ACTIVITY: Each entry needs to be duplicated exactly.

DATA SUPPLIED:
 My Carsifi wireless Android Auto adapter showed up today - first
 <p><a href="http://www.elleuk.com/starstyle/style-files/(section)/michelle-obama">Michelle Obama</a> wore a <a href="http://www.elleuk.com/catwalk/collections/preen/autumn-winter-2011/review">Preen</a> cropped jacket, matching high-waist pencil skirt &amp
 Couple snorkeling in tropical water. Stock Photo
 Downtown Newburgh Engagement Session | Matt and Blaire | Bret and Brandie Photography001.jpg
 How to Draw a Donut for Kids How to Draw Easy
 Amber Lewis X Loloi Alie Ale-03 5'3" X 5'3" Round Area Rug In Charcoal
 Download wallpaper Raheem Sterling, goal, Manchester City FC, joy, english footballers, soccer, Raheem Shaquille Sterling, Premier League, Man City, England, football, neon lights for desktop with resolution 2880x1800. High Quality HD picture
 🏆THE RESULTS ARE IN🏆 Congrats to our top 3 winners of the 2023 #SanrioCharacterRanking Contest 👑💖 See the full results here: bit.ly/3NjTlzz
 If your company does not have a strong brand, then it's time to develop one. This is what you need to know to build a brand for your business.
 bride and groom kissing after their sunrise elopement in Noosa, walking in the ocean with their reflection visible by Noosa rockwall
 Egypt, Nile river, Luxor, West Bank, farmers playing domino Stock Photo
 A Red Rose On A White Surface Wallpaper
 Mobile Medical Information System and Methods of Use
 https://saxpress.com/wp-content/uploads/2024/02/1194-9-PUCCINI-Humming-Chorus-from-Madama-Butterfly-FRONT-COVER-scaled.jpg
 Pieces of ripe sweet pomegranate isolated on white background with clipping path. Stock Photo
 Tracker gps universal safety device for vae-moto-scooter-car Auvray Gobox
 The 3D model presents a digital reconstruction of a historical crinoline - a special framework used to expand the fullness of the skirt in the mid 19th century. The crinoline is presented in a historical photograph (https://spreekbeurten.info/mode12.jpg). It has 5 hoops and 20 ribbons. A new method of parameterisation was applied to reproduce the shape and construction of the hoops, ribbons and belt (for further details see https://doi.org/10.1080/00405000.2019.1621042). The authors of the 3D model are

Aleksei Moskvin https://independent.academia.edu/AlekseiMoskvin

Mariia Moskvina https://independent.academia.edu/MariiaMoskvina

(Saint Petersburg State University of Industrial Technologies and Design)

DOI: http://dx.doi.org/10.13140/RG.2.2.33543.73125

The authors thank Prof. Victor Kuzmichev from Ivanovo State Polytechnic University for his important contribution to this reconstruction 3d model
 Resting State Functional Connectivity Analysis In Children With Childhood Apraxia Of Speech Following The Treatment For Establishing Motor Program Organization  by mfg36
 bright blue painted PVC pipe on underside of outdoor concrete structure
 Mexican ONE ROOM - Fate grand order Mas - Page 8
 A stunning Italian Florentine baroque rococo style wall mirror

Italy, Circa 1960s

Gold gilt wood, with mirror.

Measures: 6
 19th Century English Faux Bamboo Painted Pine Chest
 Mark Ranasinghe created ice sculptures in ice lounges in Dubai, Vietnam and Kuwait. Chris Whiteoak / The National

ANSWER SECTION:
 My Carsifi wireless Android Auto adapter showed up today - first
 <p><a href="http://www.elleuk.com/starstyle/style-files/(section)/michelle-obama">Michelle Obama</a> wore a <a href="http://www.elleuk.com/catwalk/collections/preen/autumn-winter-2011/review">Preen</a> cropped jacket, matching high-waist pencil skirt &amp
 Couple snorkeling in tropical water. Stock Photo
 Downtown Newburgh Engagement Session | Matt and Blaire | Bret and Brandie Photography001.jpg
 How to Draw a Donut for Kids How to Draw Easy
 Amber Lewis X Loloi Alie Ale-03 5'3" X 5'3" Round Area Rug In Charcoal
 Download wallpaper Raheem Sterling, goal, Manchester City FC, joy, english footballers, soccer, Raheem Shaquille Sterling, Premier League, Man City, England, football, neon lights for desktop with resolution 2880x1800. High Quality HD picture
 🏆THE RESULTS ARE IN🏆 Congrats to our top 3 winners of the 2023 #SanrioCharacterRanking Contest 👑💖 See the full results here: bit.ly/3NjTlzz
 If your company does not have a strong brand, then it's time to develop one. This is what you need to know to build a brand for your business.
 bride and groom kissing after their sunrise elopement in Noosa, walking in the ocean with their reflection visible by Noosa rockwall
 Egypt, Nile river, Luxor, West Bank, farmers playing domino Stock Photo
 A Red Rose On A White Surface Wallpaper
 Mobile Medical Information System and Methods of Use
 https://saxpress.com/wp-content/uploads/2024/02/1194-9-PUCCINI-Humming-Chorus-from-Madama-Butterfly-FRONT-COVER-scaled.jpg
 Pieces of ripe sweet pomegranate isolated on white background with clipping path. Stock Photo
 Tracker gps universal safety device for vae-moto-scooter-car Auvray Gobox
 The 3D model presents a digital reconstruction of a historical crinoline - a special framework used to expand the fullness of the skirt in the mid 19th century. The crinoline is presented in a historical photograph (https://spreekbeurten.info/mode12.jpg). It has 5 hoops and 20 ribbons. A new method of parameterisation was applied to reproduce the shape and construction of the hoops, ribbons and belt (for further details see https://doi.org/10.1080/00405000.2019.1621042). The authors of the 3D model are

Aleksei Moskvin https://independent.academia.edu/AlekseiMoskvin

Mariia Moskvina https://independent.academia.edu/MariiaMoskvina

(Saint Petersburg State University of Industrial Technologies and Design)

DOI: http://dx.doi.org/10.13140/RG.2.2.33543.73125

The authors thank Prof. Victor Kuzmichev from Ivanovo State Polytechnic University for his important contribution to this reconstruction 3d model
 Resting State Functional Connectivity Analysis In Children With Childhood Apraxia Of Speech Following The Treatment For Establishing Motor Program Organization  by mfg36
 bright blue painted PVC pipe on underside of outdoor concrete structure
 Mexican ONE ROOM - Fate grand order Mas - Page 8
 A stunning Italian Florentine baroque rococo style wall mirror

Italy, Circa 1960s

Gold gilt wood, with mirror.

Measures: 6
 19th Century English Faux Bamboo Painted Pine Chest
 Mark Ranasinghe created ice sculptures in ice lounges in Dubai, Vietnam and Kuwait. Chris Whiteoak / The National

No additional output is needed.